BEGIN
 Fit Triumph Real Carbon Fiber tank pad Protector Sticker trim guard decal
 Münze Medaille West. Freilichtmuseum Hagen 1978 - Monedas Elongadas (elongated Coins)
END
BEGIN
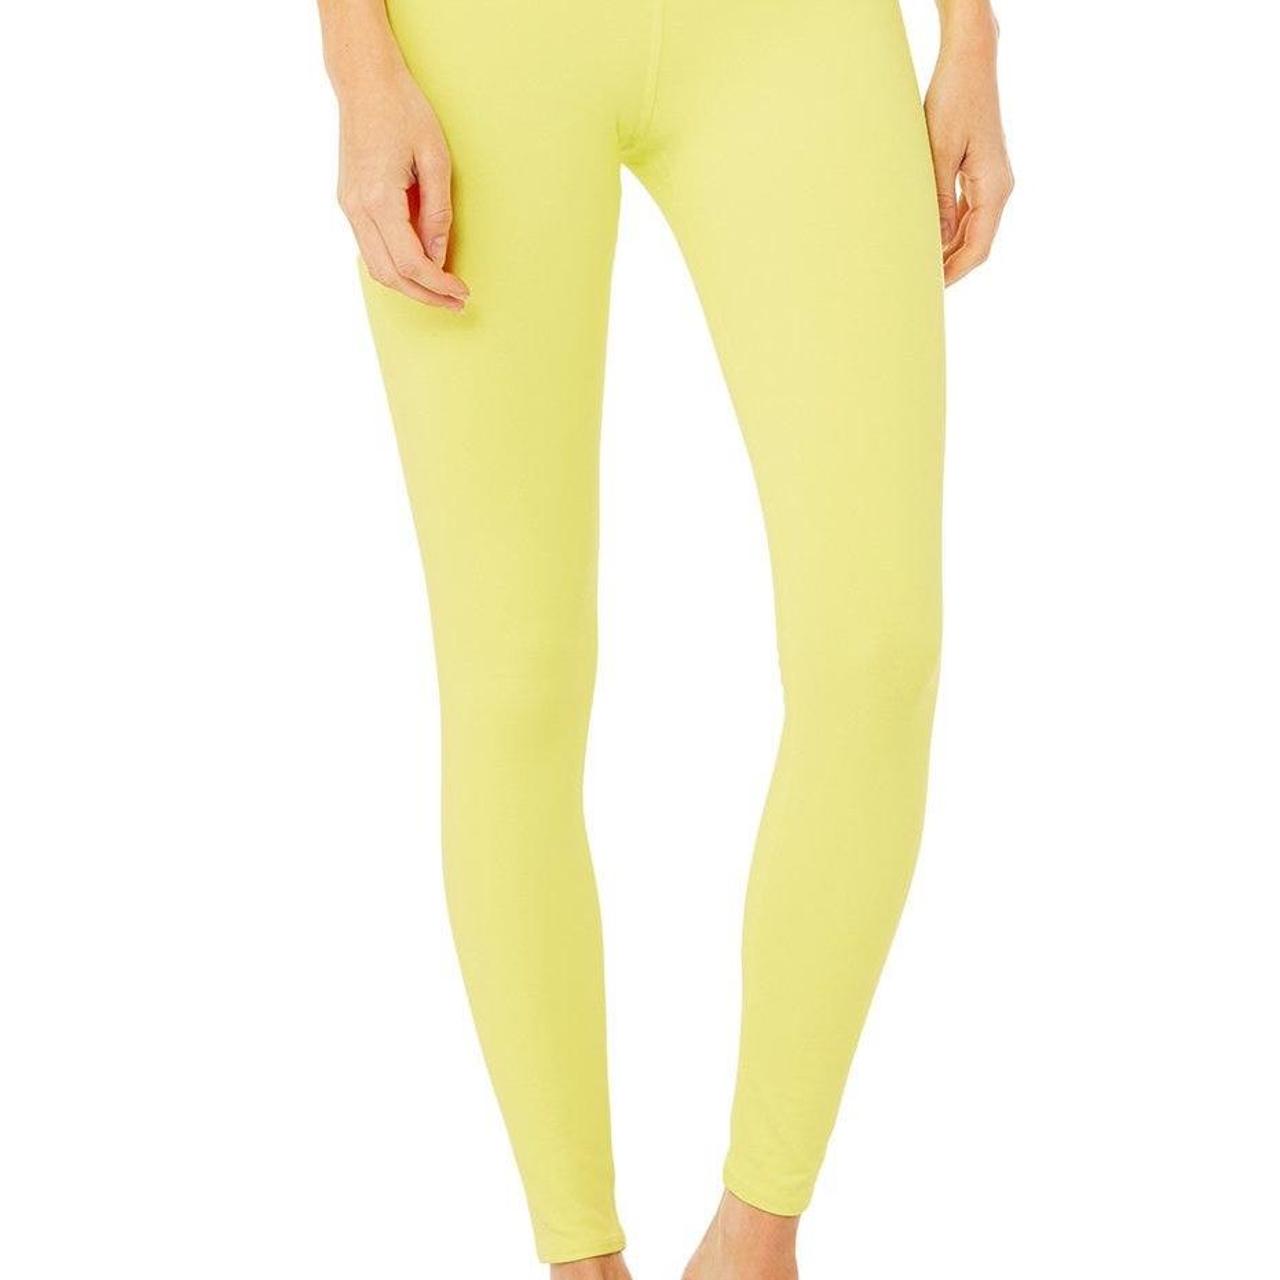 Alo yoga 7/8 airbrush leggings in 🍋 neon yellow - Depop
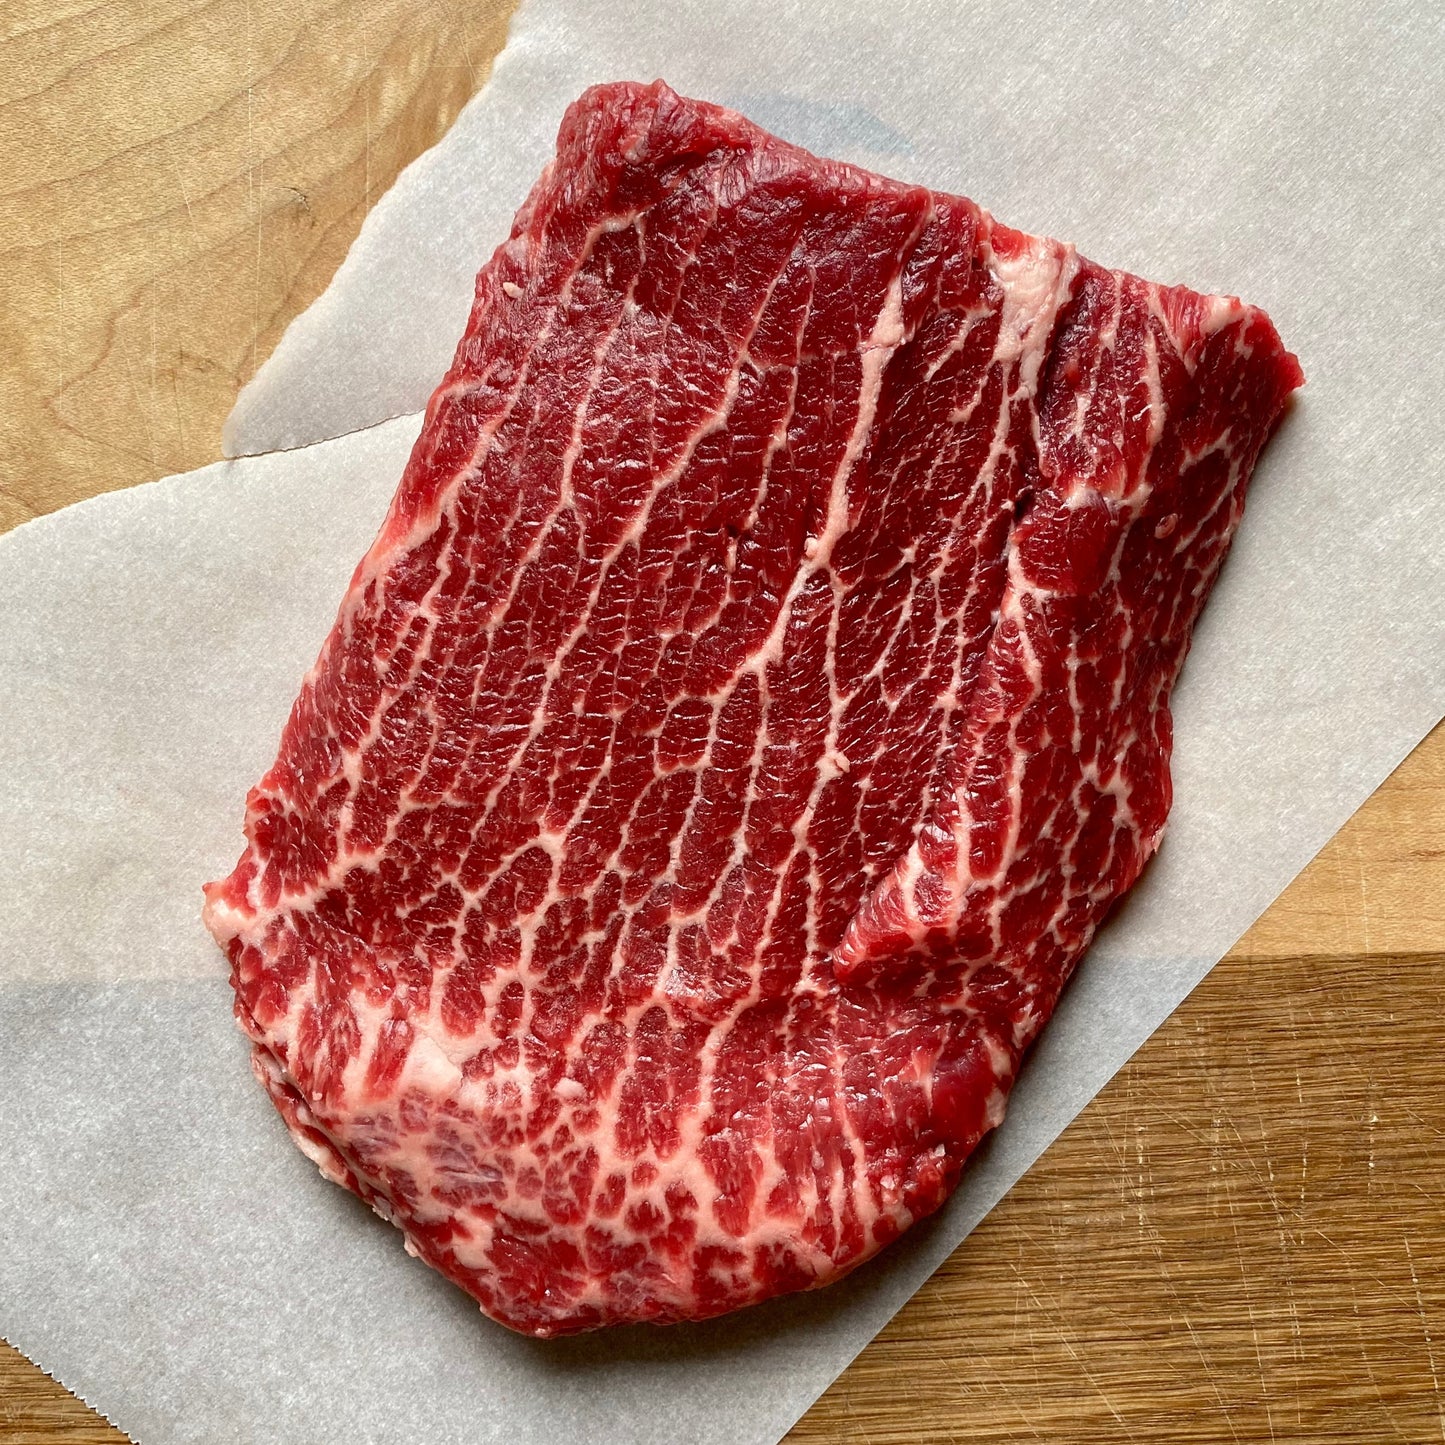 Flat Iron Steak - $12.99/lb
END
▸ Instructions to follow: The line above containing "Fit Triumph Real", the line containing "Münze Medaille West.", and every line between them are to be transcribed exactly; no other line is wanted.

▸ Solution to this exercise:
 Fit Triumph Real Carbon Fiber tank pad Protector Sticker trim guard decal
 Münze Medaille West. Freilichtmuseum Hagen 1978 - Monedas Elongadas (elongated Coins)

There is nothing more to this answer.